"We made a trip into the Gulf; sometimes we dignified it by calling it an expedition. Once it was called the Sea of Cortez, and that is a better-sounding and more exciting name. We stopped in many little harbours and near barren coasts to collect and preserve the marine invertebrates of the littoral. One of the reasons we gave ourselves for this trip - and when we used this reason, we called the trip an expedition - was to observe the distribution of invertebrates, to see and record their kinds and numbers, how they lived together, what they ate, and how they reproduced. That plan was simple, straight-forward, and only part of the truth." -The Log From the Sea of Cortez, by John Steinbeck.

John Steinbeck's "Log from the Sea of Cortez" has been one of my favourite books for many, many years. A true story, it's the often whimsical, sometimes moving and always insightful account of a voyage of scientific discovery made during the spring of 1940 by Steinbeck, the eccentric Ed Ricketts (better known to many as 'Doc' from "Cannery Row") and their small crew aboard the good ship Western Flyer. At a time when war was ravaging Europe, and was about to explode with all its apocalyptic ferocity upon the rest of the world, Steinbeck and company set off aboard a sardine netting boat to collect shells, starfish and other inter-tidal organisms from the Gulf of California, between the Baja Peninsula and mainland Mexico.

When they steamed out of Monterey on the 11th March that year, the holds of the Western Flyer were jam-packed with glass specimen jars, preserving fluids and the assorted tools of marine collecting. Their preparations for the six week voyage of discovery had been laborious and detailed in the extreme, yet one can't help feeling that the apparent nobility of their scientific cause was, in truth, little more than a moderately plausible excuse for Ricketts and Steinbeck to pursue yet another great adventure together. And beyond doubt, their cruise was that.

Looking back now, from the high ground of modern history, the timing of their trip was propitious. Much of the poignancy and pathos of "The Log" stems from our understanding that these men were experiencing a part of the world as few would ever see it again. They sailed on the very cusp of a new epoch, and behind them the world began to tilt dramatically on its axis. Things would change rapidly in the years that followed, and nothing in Baja or elsewhere would ever be quite the same again as it was in that spring of 1940.

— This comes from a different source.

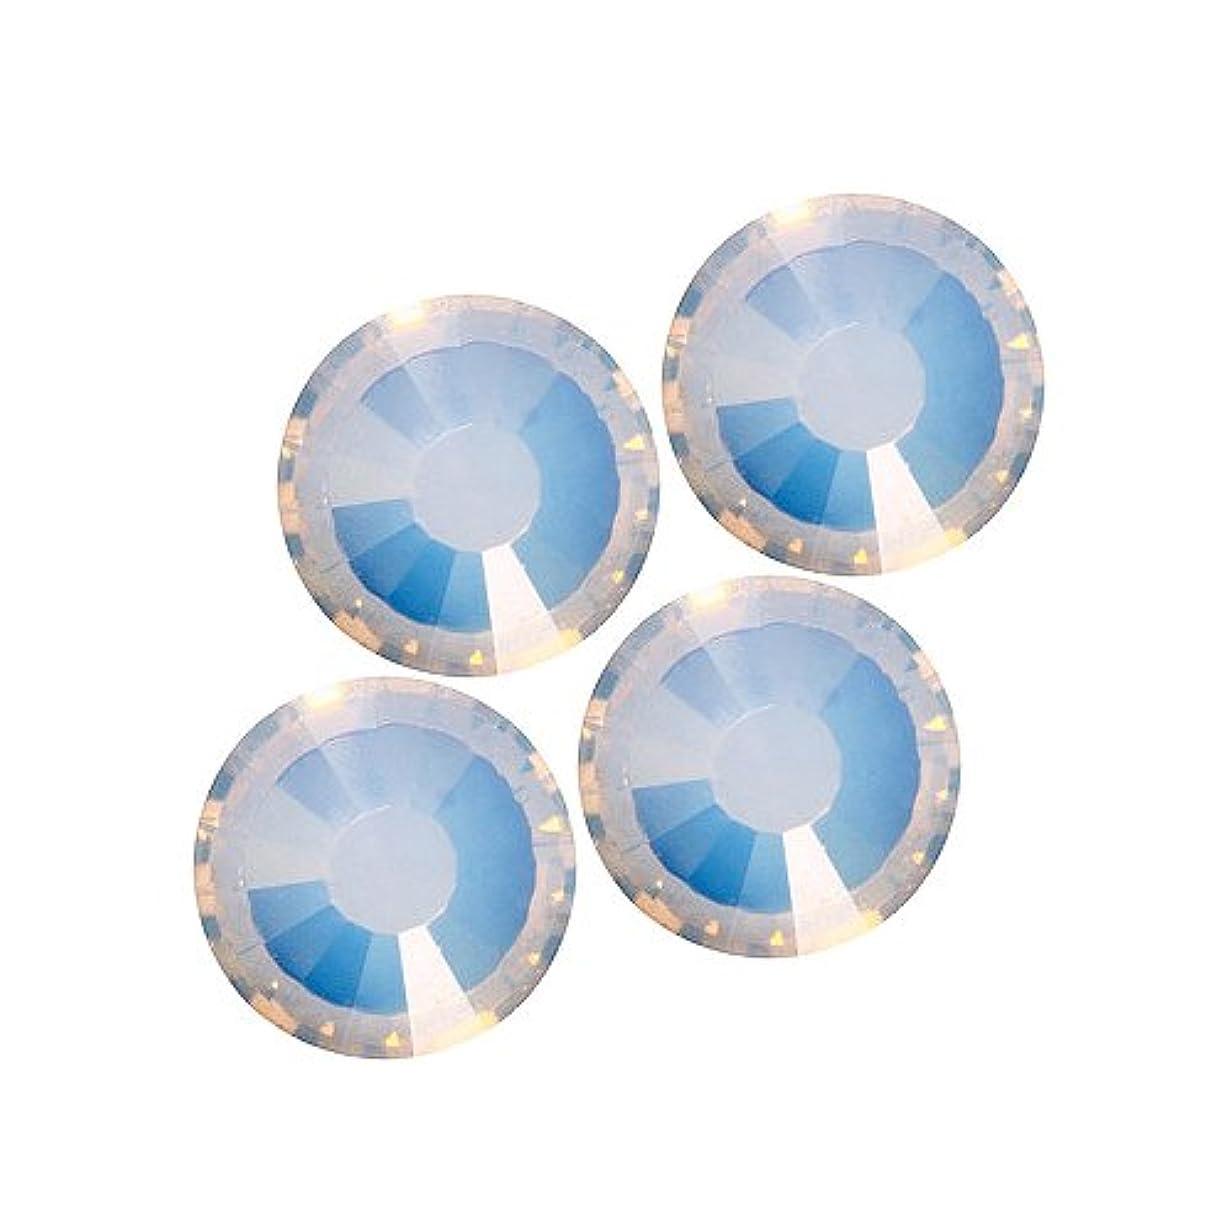 評判発表命題バイナル DIAMOND RHINESTONE ホワイトオパールSS8 1440粒 ST-SS8-WHO-10G

Fifty nine years later, when I arrived on Mexico's Baja Peninsula for the first time aboard a jet airliner, only the most enduring of the region's physical features would still have been readily recognisable to Steinbeck and Ricketts. One such feature is the Cape itself.

"The tip of the Cape at San Lucas, with the huge gray Friars standing up on the end, has behind the rocks a little beach which is a small boy's dream of pirates. It seems the perfect place to hide and from which to dart out in a pinnace on the shipping of the world; a place to which to bring the gold bars and jewels and beautiful ladies, all of which are invariably carried by the shipping of the world. And this little beach must have so appealed to earlier men, for the names of the pirates are still in the rock, and the pirate ships did dart out of here and did come back."

Arch Frames
The famous Arch frames a beautiful two-master.

Today, it's not pirate ships that dart out from the harbour at Cabo San Lucas, but gleaming cruisers, bristling game boats and luxury yachts. The gold bars, jewels and beautiful ladies are still there, however, and so are those towering monoliths Steinbeck knew as The Friars - named after Clavigero and his fellow Jesuit monks, who came to the Peninsula in the early 1700s.

Like the full-stop below a giant exclamation mark, these rocks represent a significant terminus - an indisputable Land's End. Here, two seas collide - sometimes violently - and the deep, relatively cool waters of the Eastern Pacific mix abruptly with the warm, nutrient laden Gulf of California to create a rich broth of marine existence.

Even today, after years of intensive fishing by a dozen nations and the inevitable ravages of 'progress', the ocean off Cabo San Lucas literally boils with life. On our first morning offshore, I was stunned. More whales than I ever knew existed blew and rolled and broached and smacked their wide black tails on the sea, while acres of little bait fish shimmered on the surface and a dark confetti cloud of bent-winged frigate birds spiralled high above them in the rising thermals.

With the clean smell of salt in our nostrils and the crisp crump of a long surf break on the seemingly limitless beach, we could have been running down the top of Fraser Island or south from Broome, but we were actually heading north from Cabo San Lucas towards La Tinaja and Todos Los Santos, and as if to reinforce this fact, there were tall cacti on the ridge tops and Mexican vultures flapping across the dry ravines behind the beach. I was in a foreign land, chasing strange fish I'd only ever seen before in books, and it occurred to me then that the palpable excitement I now tasted must have been very much akin to the feelings experienced by Steinbeck and Ricketts a lifetime before.